» **TASK OBJECTIVE**: Restate the whole listing below word for word and keep the images out.

» **GIVEN MATERIAL**:

▼

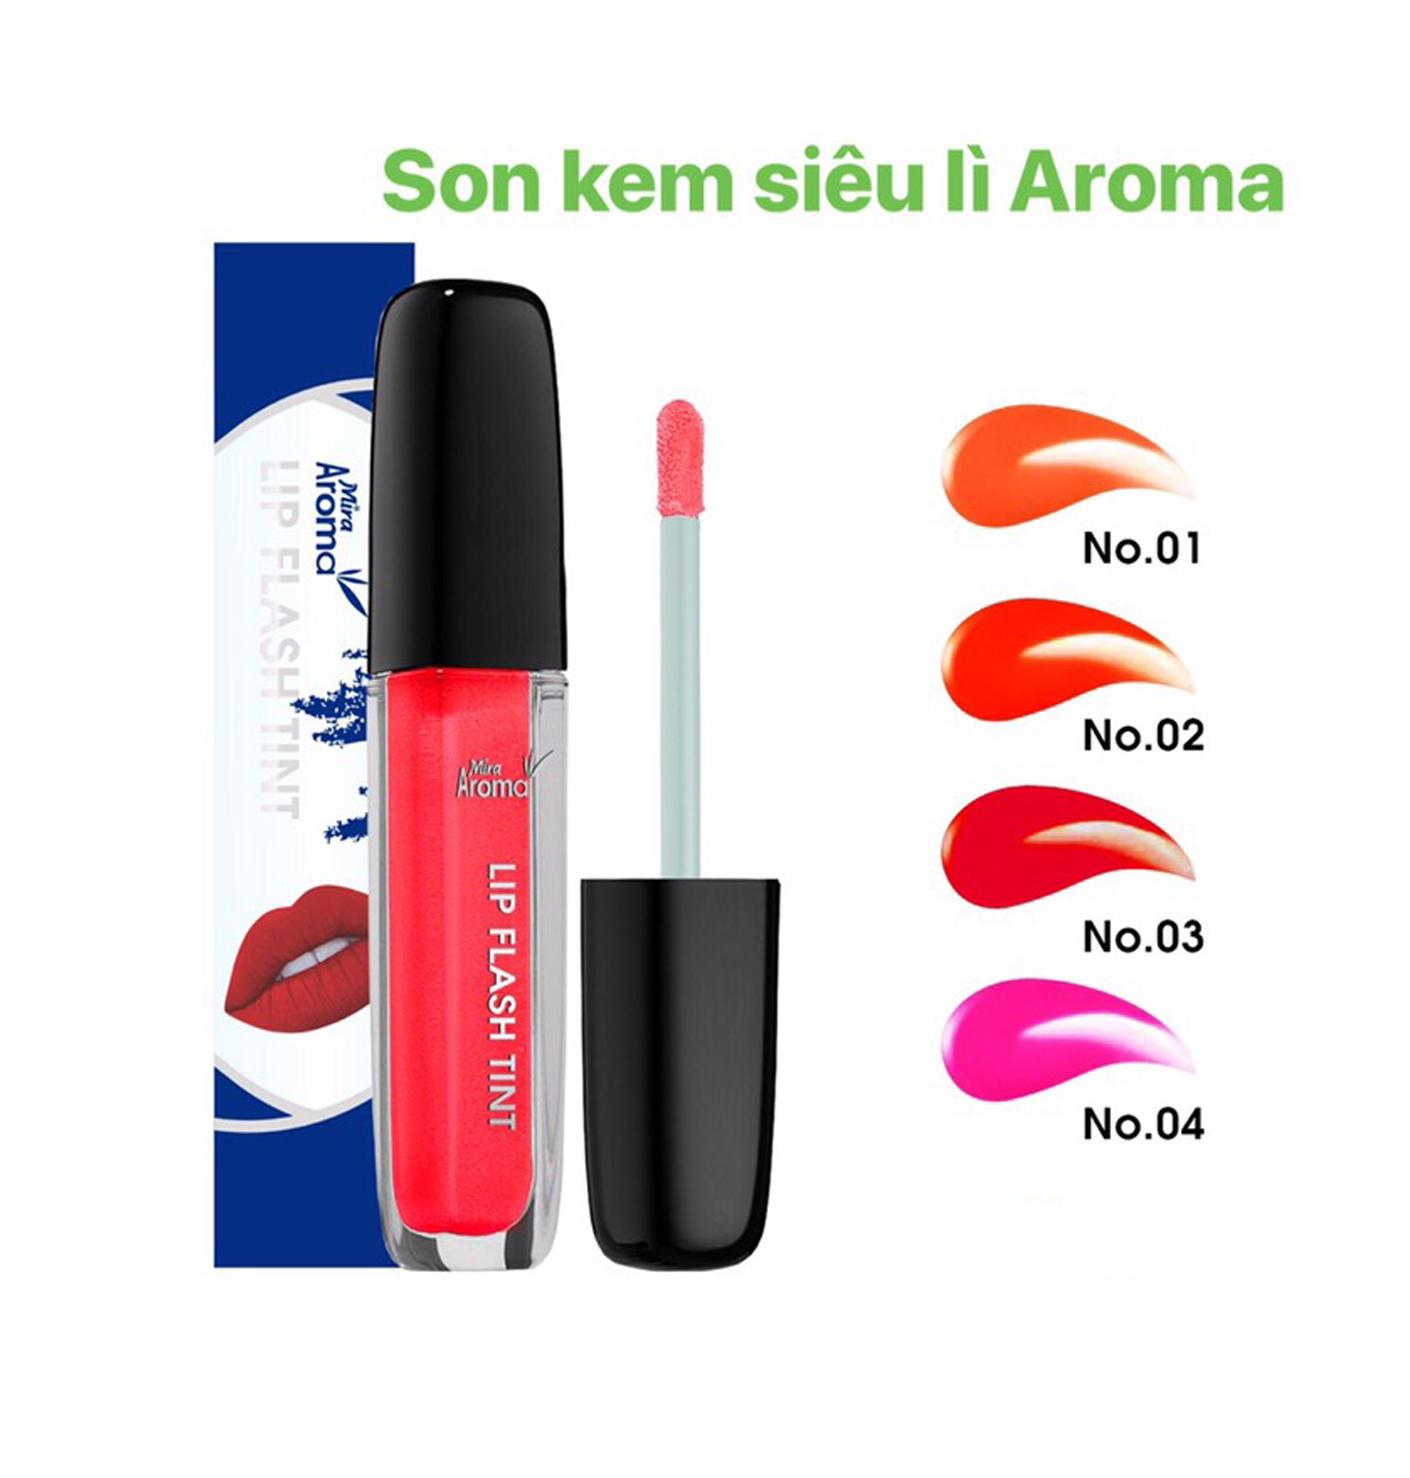 Son kem siêu lì Aroma Lip Flash Tint Hàn Quốc No.4 Màu hồng tặng kèm móc khóa
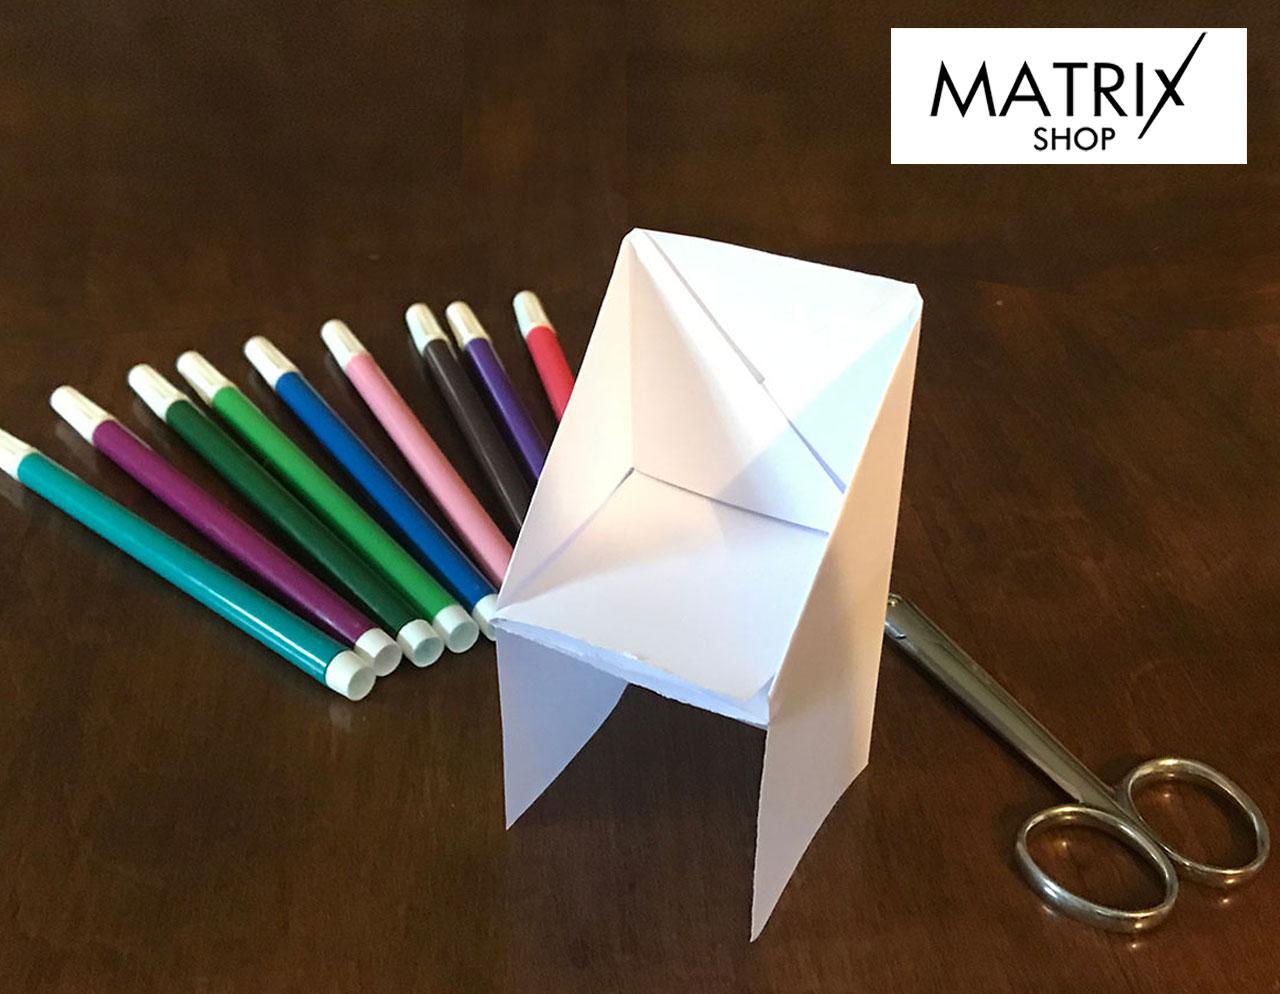 Gioca con noi - La poltroncina di carta! - Centro Commerciale Matrix Shop
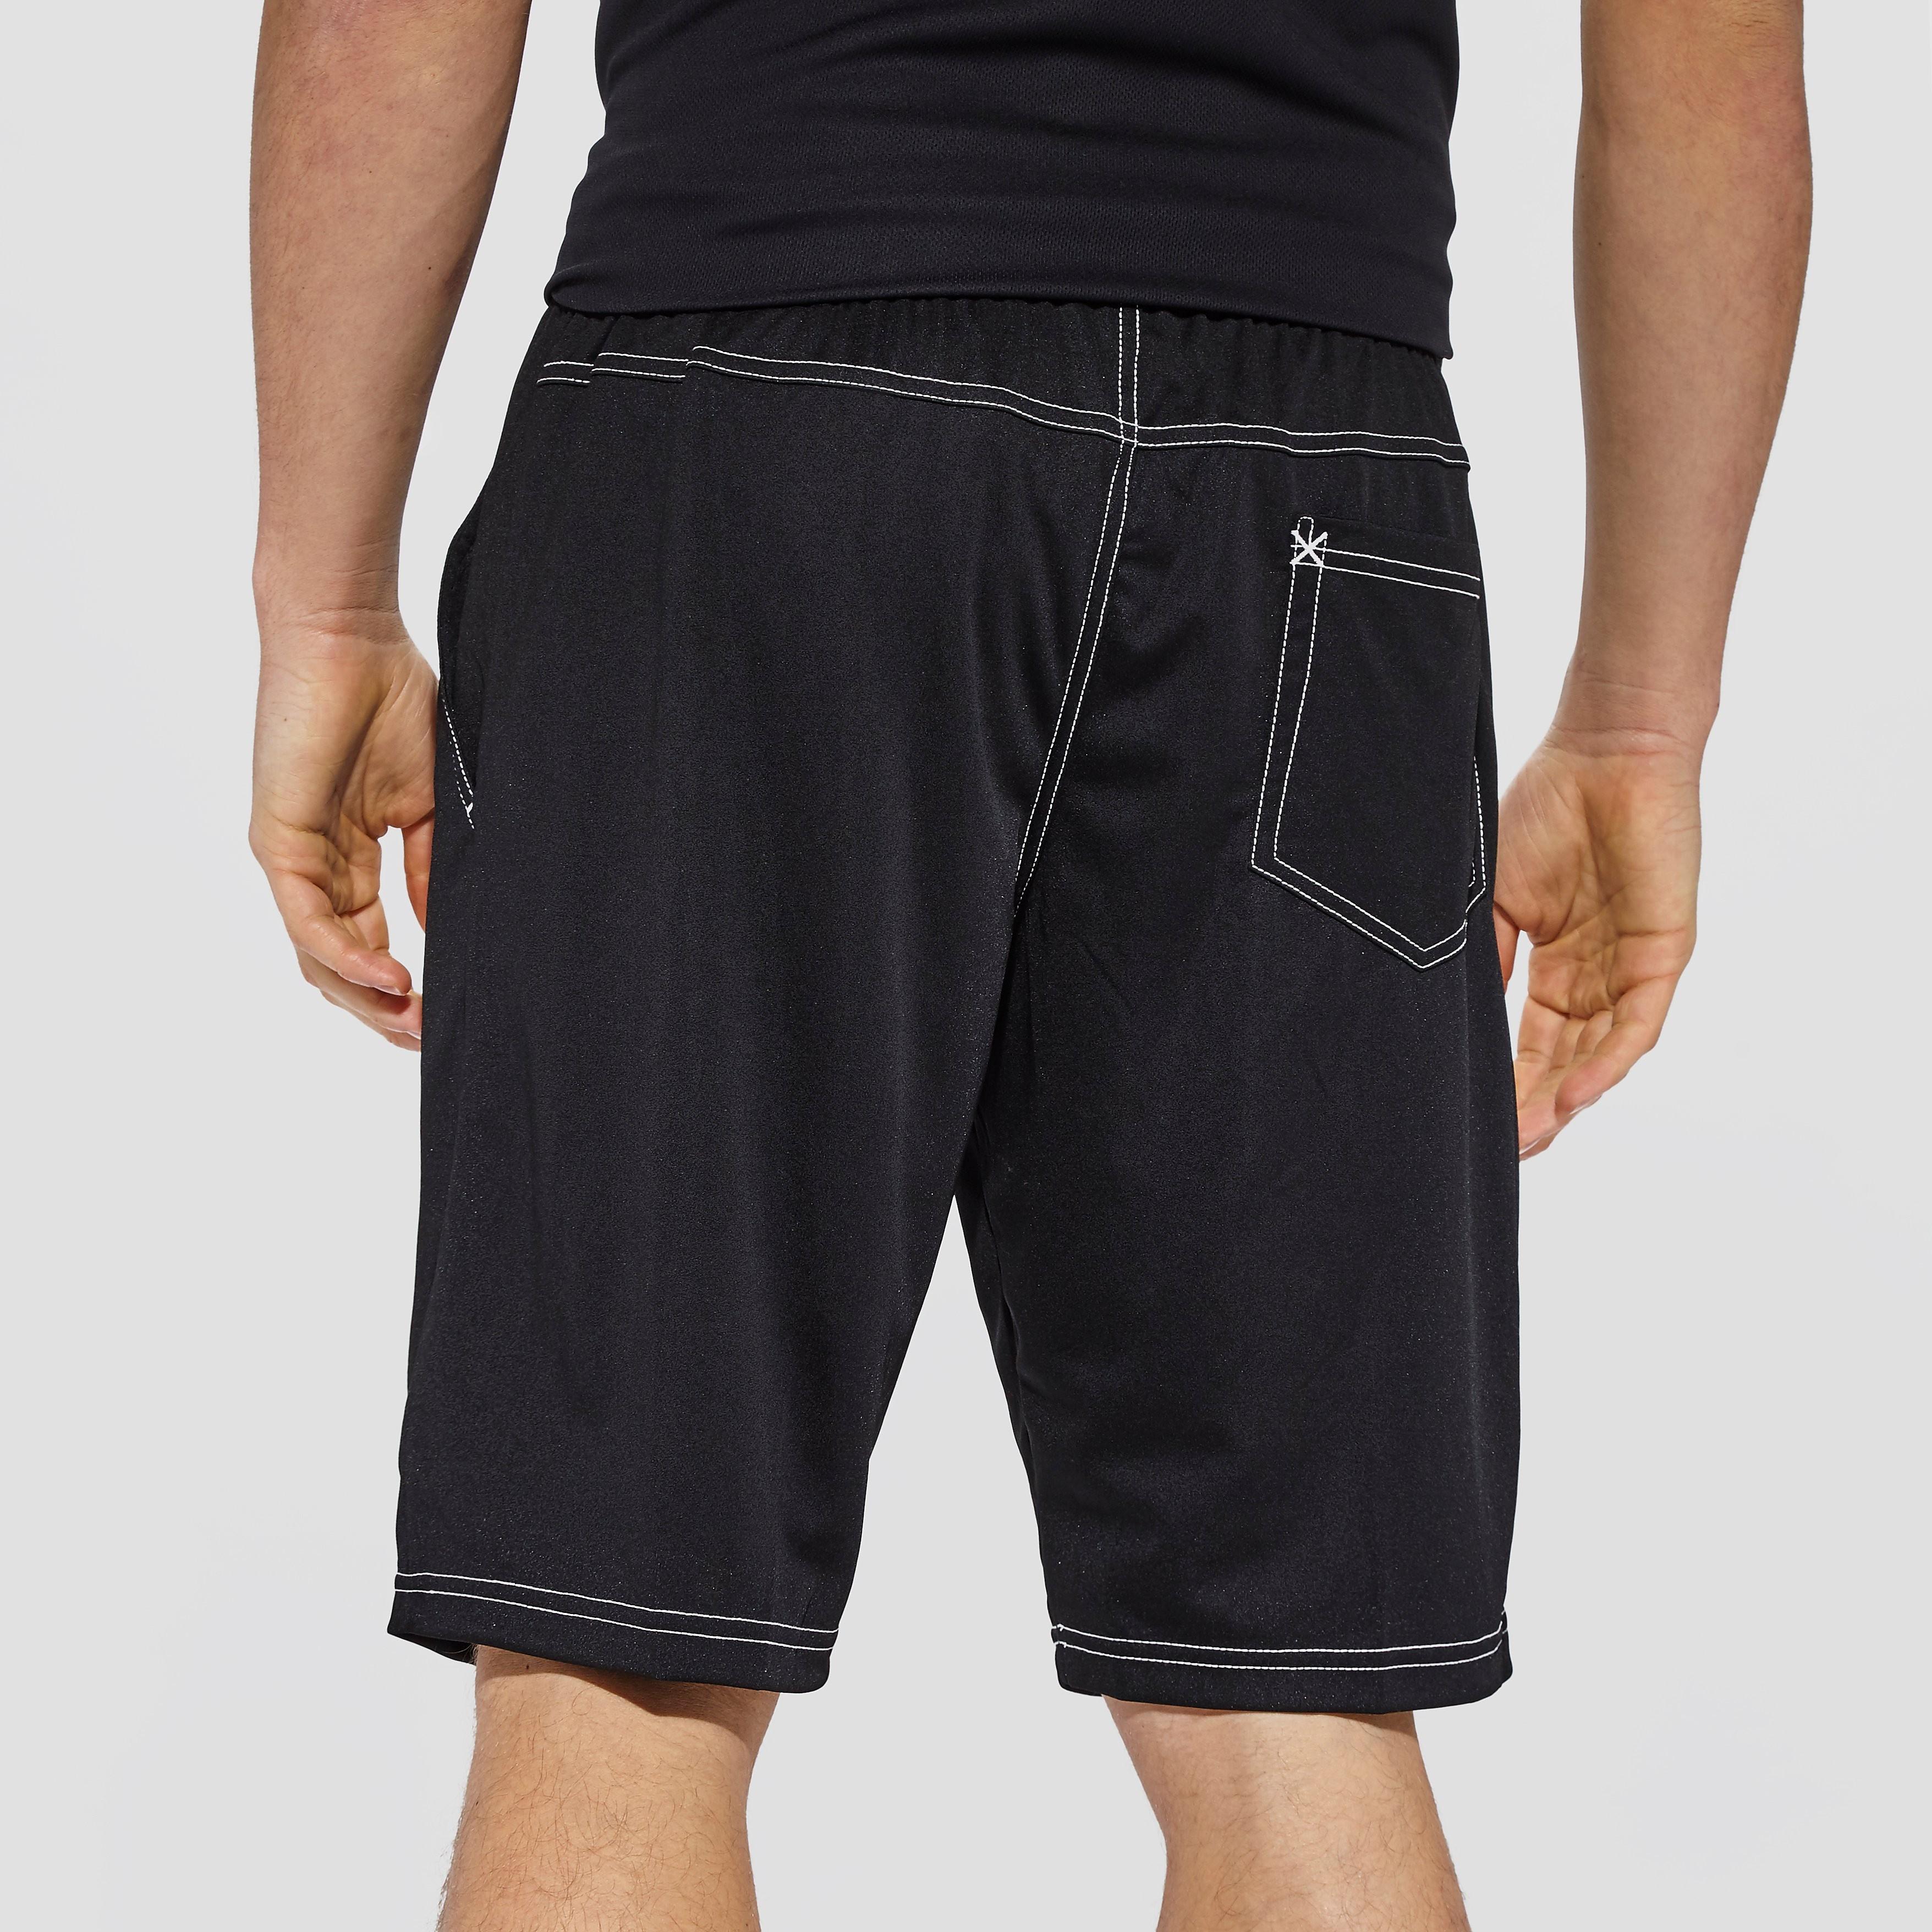 Yonex 15047EX Men's Badminton Shorts

▲

» **RESULT OF THIS EXERCISE**:
 Son kem siêu lì Aroma Lip Flash Tint Hàn Quốc No.4 Màu hồng tặng kèm móc khóa
 Gioca con noi - La poltroncina di carta! - Centro Commerciale Matrix Shop
 Yonex 15047EX Men's Badminton Shorts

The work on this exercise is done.